Indore, Aug 3: In a bizarre development, the Indore Bench of the Madhya Pradesh High Court has granted bail to an accused in a sexual harassment case on the condition that he will request the victim to tie a ‘rakhi’ on him with a promise to protect her “to the best of his ability for all times to come”.

Justice Rohit Arya on July 30 also ordered the man to pay Rs 11,000 to the complainant as a “customary ritual usually offered by brothers to sisters” on Raksha Bandhan and seek her blessings while visiting her with his wife and a box of sweets. “The applicant shall also tender Rs 5,000 to the son of the complainant for purchase of clothes and sweets,” the order said.

The court directed the accused to take photographs and receipts of payment made to the victim and her son, which should be filed through his lawyer for placing on record of the case before the Registry.

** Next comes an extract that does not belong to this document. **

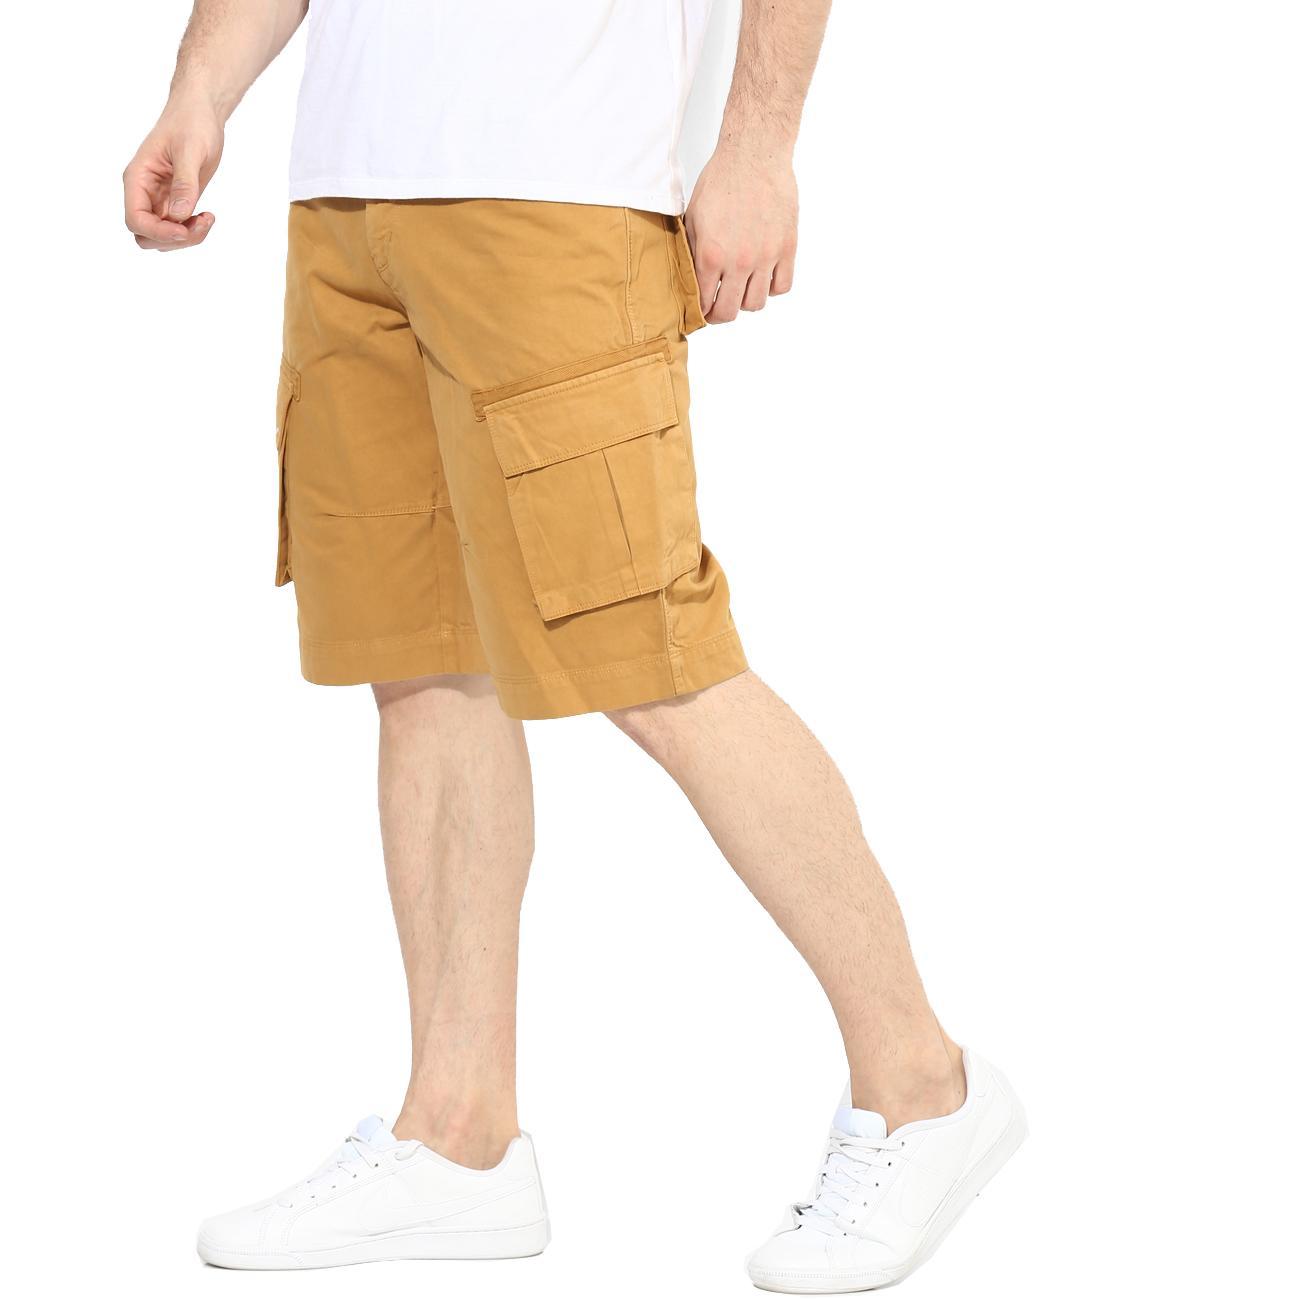 Red Chief Beige Shorts for Men Online

The victim, a resident of Ujjain district, had alleged that her neighbour, Vikram Bagri, entered her house and sexually harassed her on April 20. The police registered a case under Sections 452 (House-trespass after preparation for hurt, assault or wrongful restraint), 354 (A) (Sexual harassment and punishment for sexual harassment), 354 (Assault or criminal force to woman with intent to outrage her modesty), 323 (Punishment for voluntarily causing hurt) and 506 (Punishment for criminal intimidation) of the Indian Penal Code.

The order said the man, in jail for more than two months, was released on bail, on furnishing a personal bond of Rs 50,000 with “one solvent surety in the like amount to the satisfaction of the trial court, on the condition that he shall remain present before the court concerned during trial,” and comply with conditions under Section 437 (3) of CrPC, along with other conditions.